Five Democrats joined all 10 Republicans on the Senate Energy and Natural Resources Committee in agreeing to create a new bipartisan panel whose members would mostly be appointed by Congress.
{mosads}The proposal — offered by Sen. John Barrasso (R-Wyo.) — would establish a commission of 10 whose members would be appointed equally by the two parties, with Obama naming the chair and congressional leaders selecting the vice chair and the remaining eight members. The commission would have subpoena power, which the Obama-appointed panel does not.
Barrasso said the newly proposed commission — which he said is modeled after the 9/11 Commission — is needed to provide a “truly unbiased bipartisan review” of offshore drilling in the wake of the Gulf of Mexico spill. Obama’s commission “appears to me to be stacked with people philosophically opposed to offshore drilling,” Barrasso said.
In particular, Republicans have criticized the selection of Natural Resources Defense Council President Frances Beinecke, a leading critic of offshore drilling.
But some Democrats raised concerns as well.
“I would suggest to my Democratic friends that if the shoe were on the other foot, and President Bush was the president and he had submitted a list of names like this to us and everyone was related to the defense of oil companies, we would say this is not fair,” Sen. Mary Landrieu (D-La.) said. “And I’m saying to my colleagues this is not fair.”
Sen. Jeanne Shaheen (D-N.H.) added, “If there are questions about the views of the presidential commission … then I would err on the side in saying let’s get another point of view on the issue.”

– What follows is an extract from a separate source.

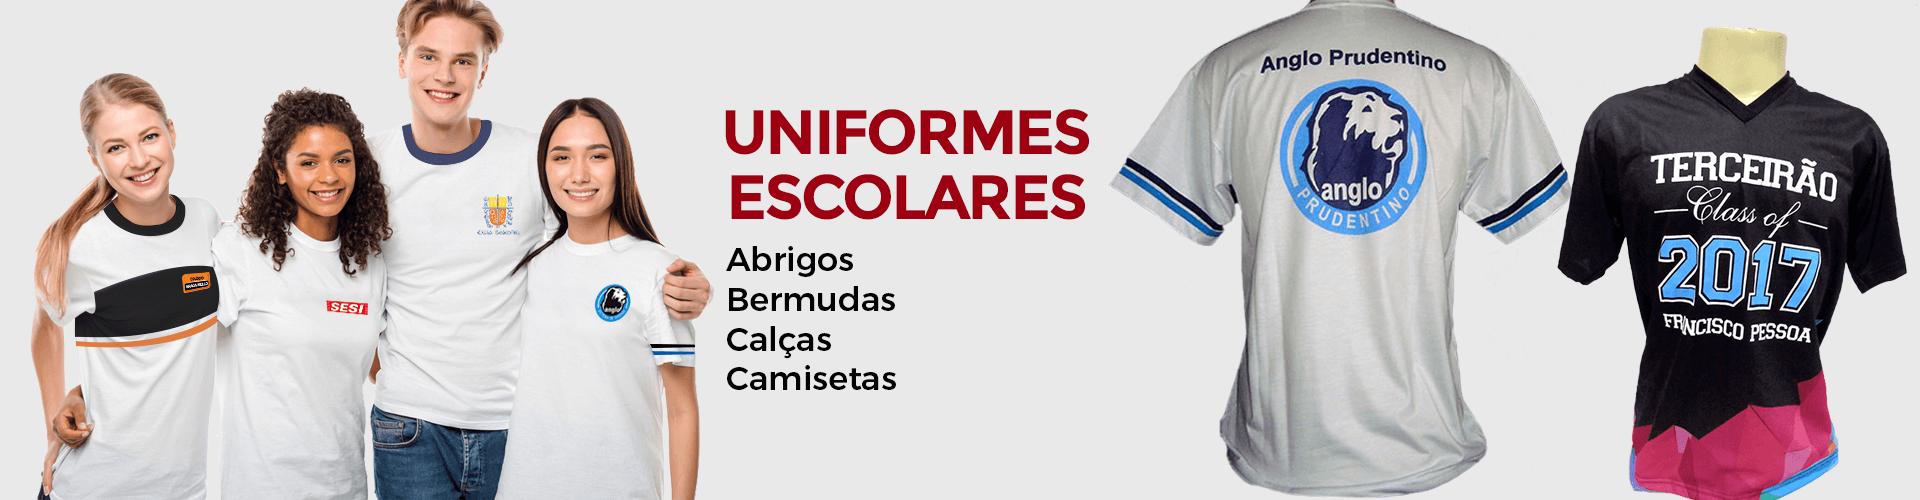 banner-vitrine-uniformes-escolares

Obama by executive order on May 21 established a commission co-chaired by former Florida Sen. Bob Graham (D) and William Reilly, a Republican who headed EPA under former President George H.W. Bush, called the National Commission on the BP Deepwater Horizon Oil Spill and Offshore Drilling.
The administration has put a stop to deepwater offshore oil-and-gas drilling while the commission develops recommendations, which Reilly has suggested the commission may not finish until next year.
Barrasso’s amendment mandates that a new commission has 180 days to develop its recommendations.